## Exercise:
Everything from the line with "Замок металл для" to the line with "Organizational Behavior: The" in the listing below, both lines included, needs to be copied exactly, apart from the pictures.

## Records shown:
········
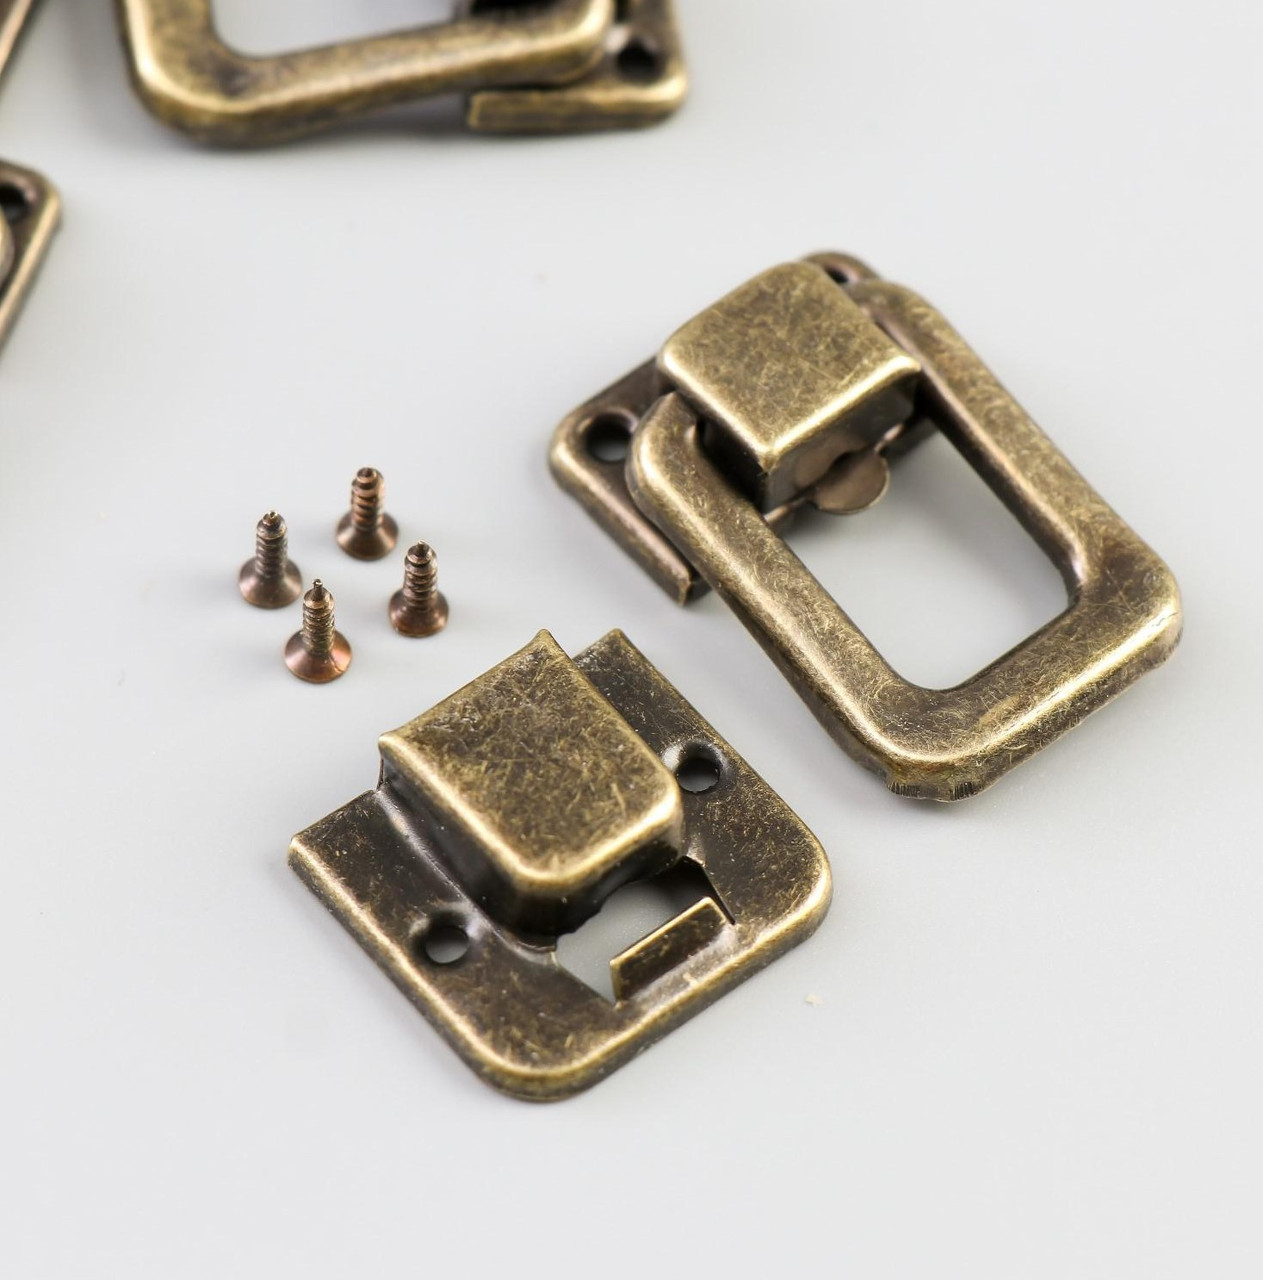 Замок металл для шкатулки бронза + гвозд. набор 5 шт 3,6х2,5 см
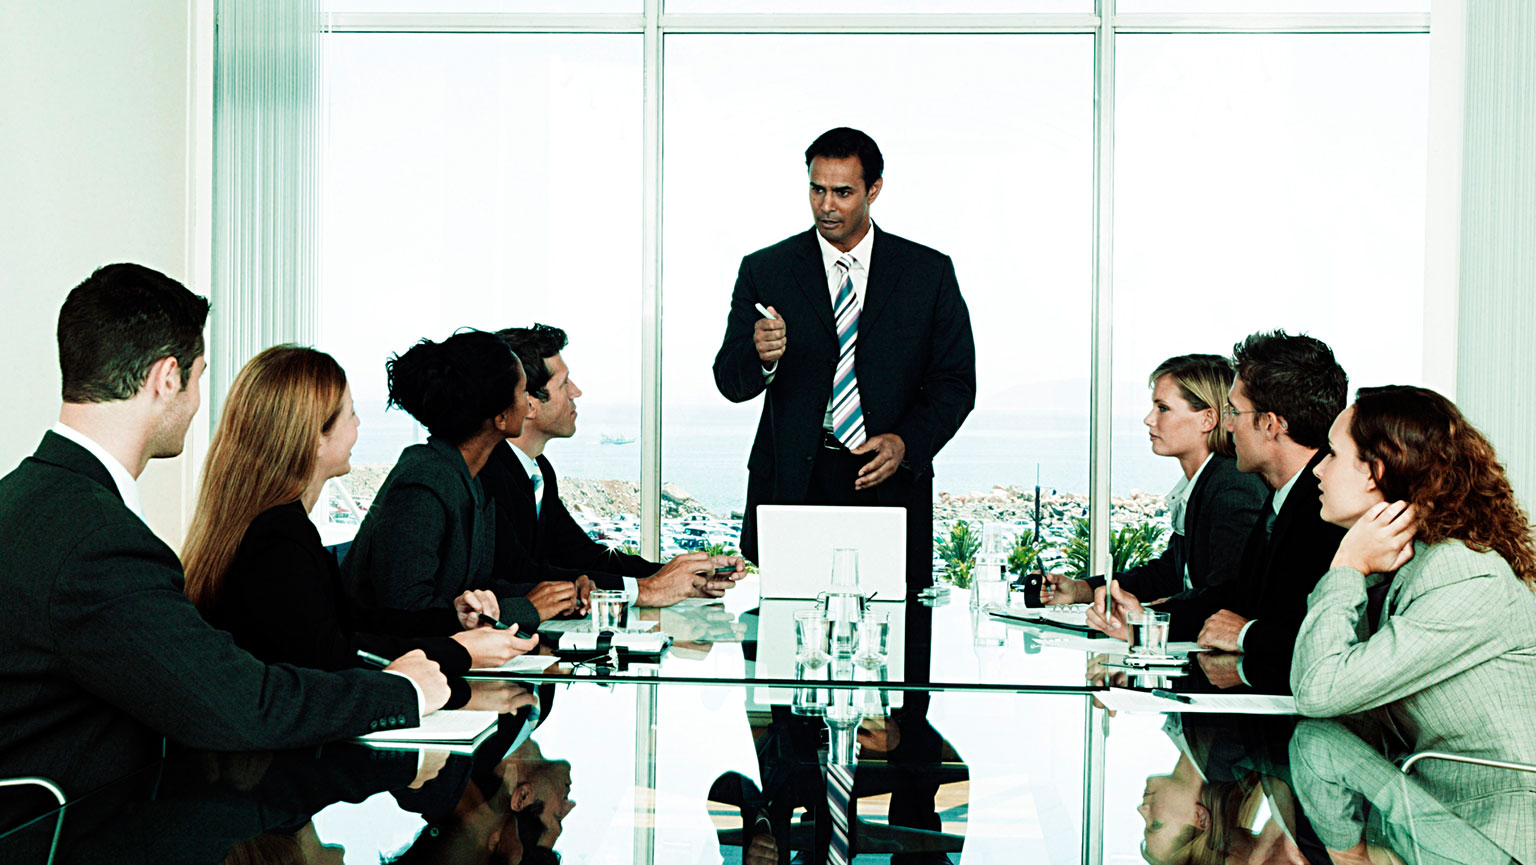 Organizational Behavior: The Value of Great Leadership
········
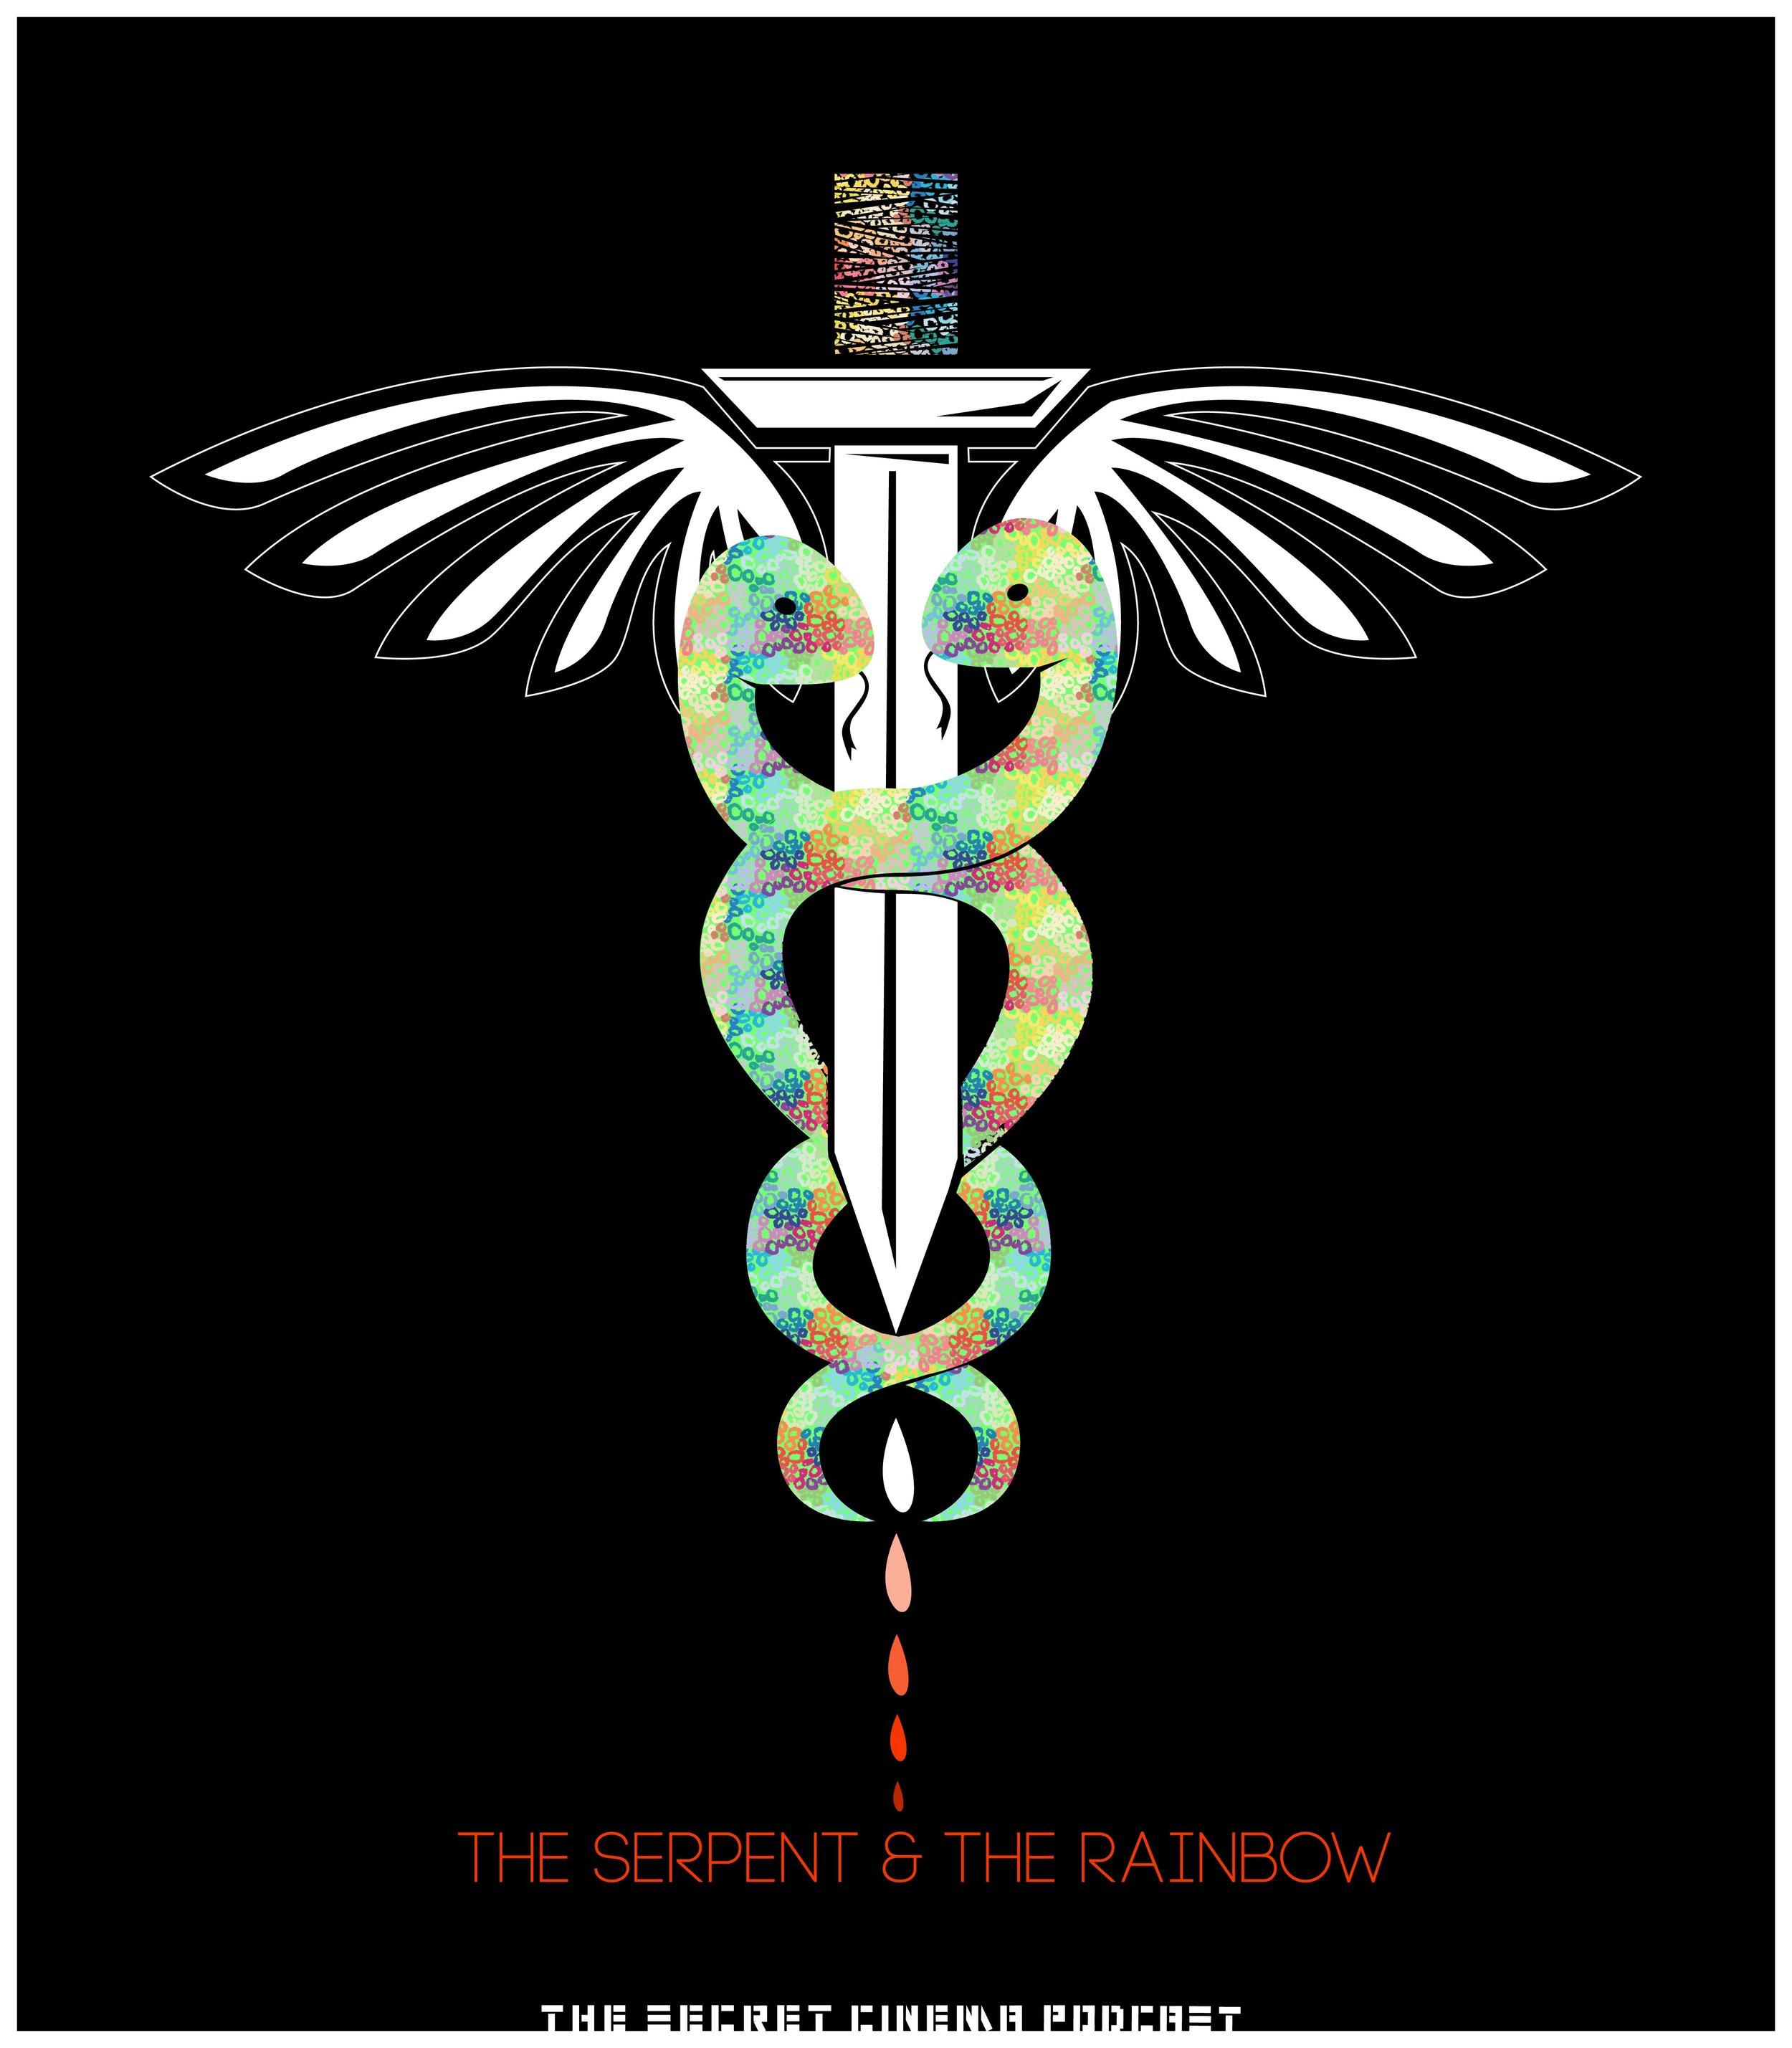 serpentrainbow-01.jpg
········
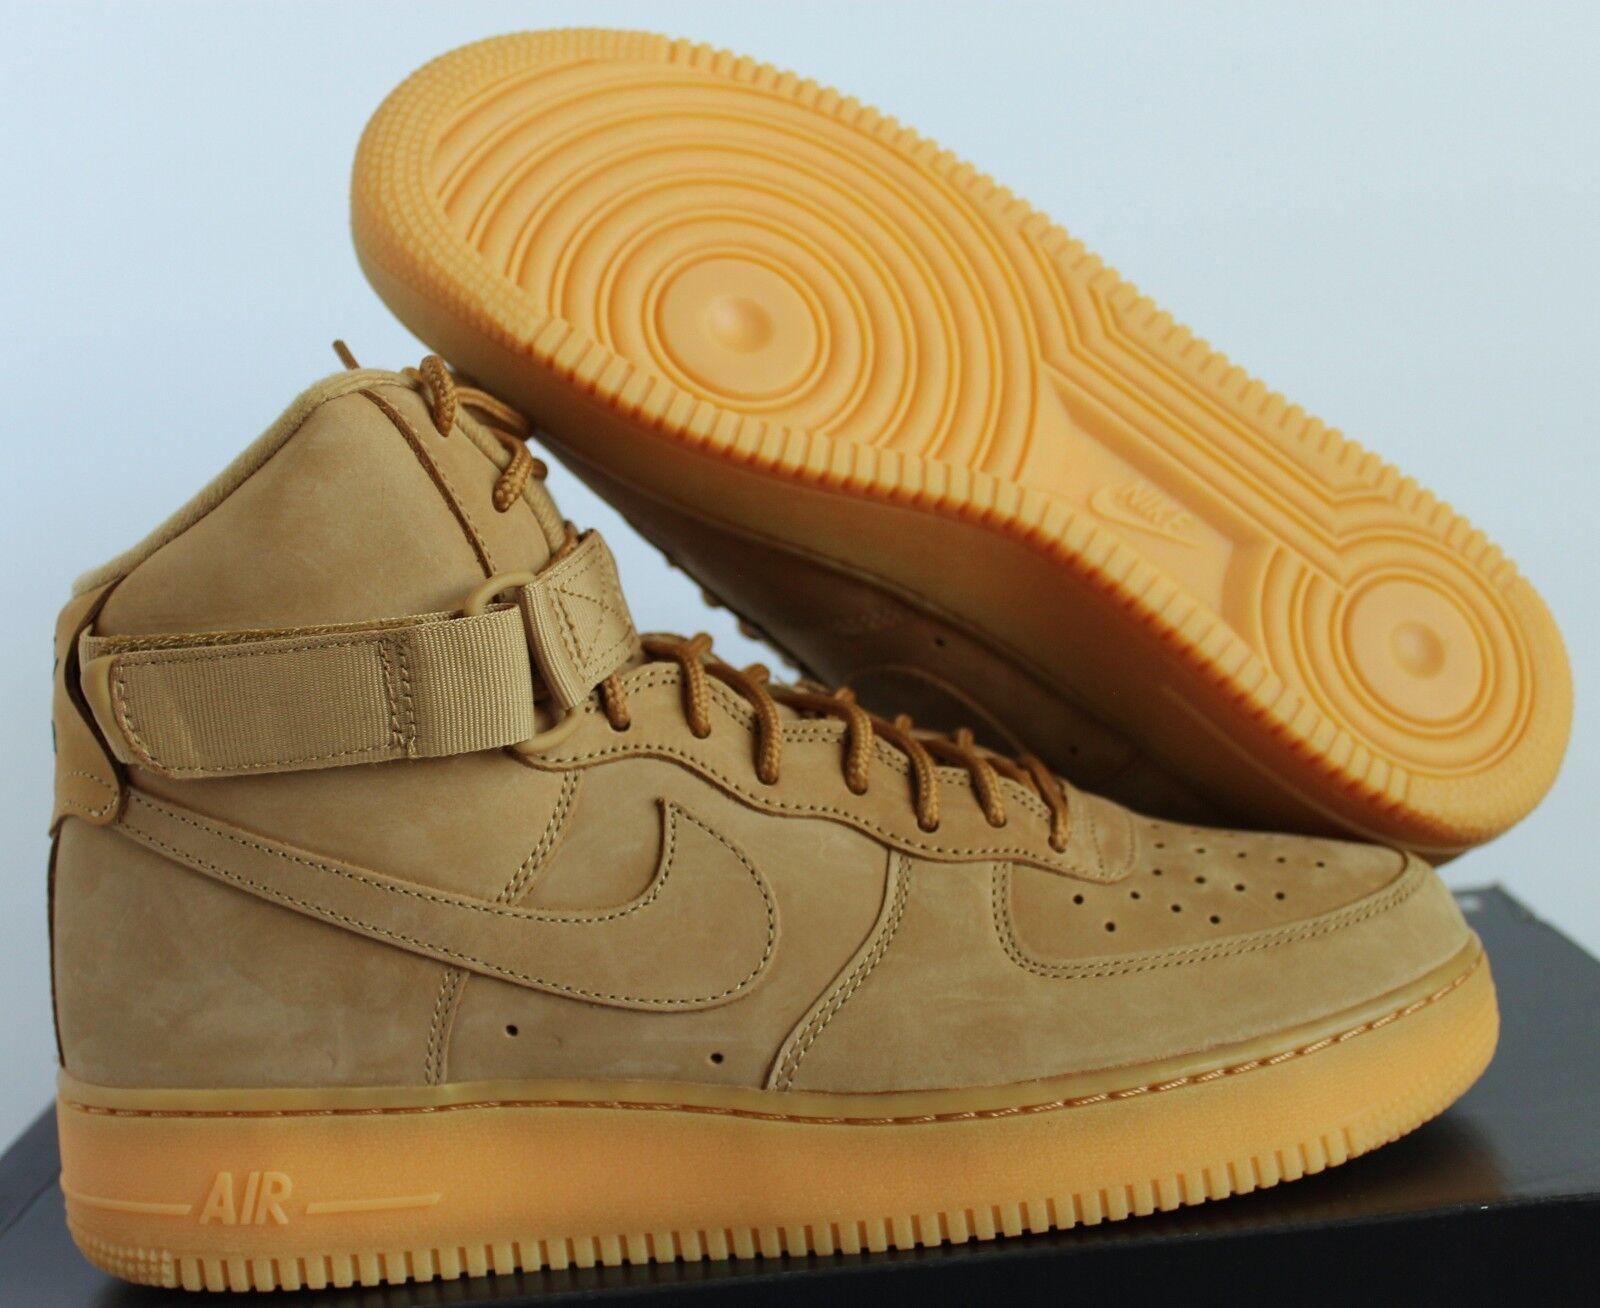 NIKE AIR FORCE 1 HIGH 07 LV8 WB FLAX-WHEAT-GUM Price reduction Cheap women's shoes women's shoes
········
## Solution:
 Замок металл для шкатулки бронза + гвозд. набор 5 шт 3,6х2,5 см
 Organizational Behavior: The Value of Great Leadership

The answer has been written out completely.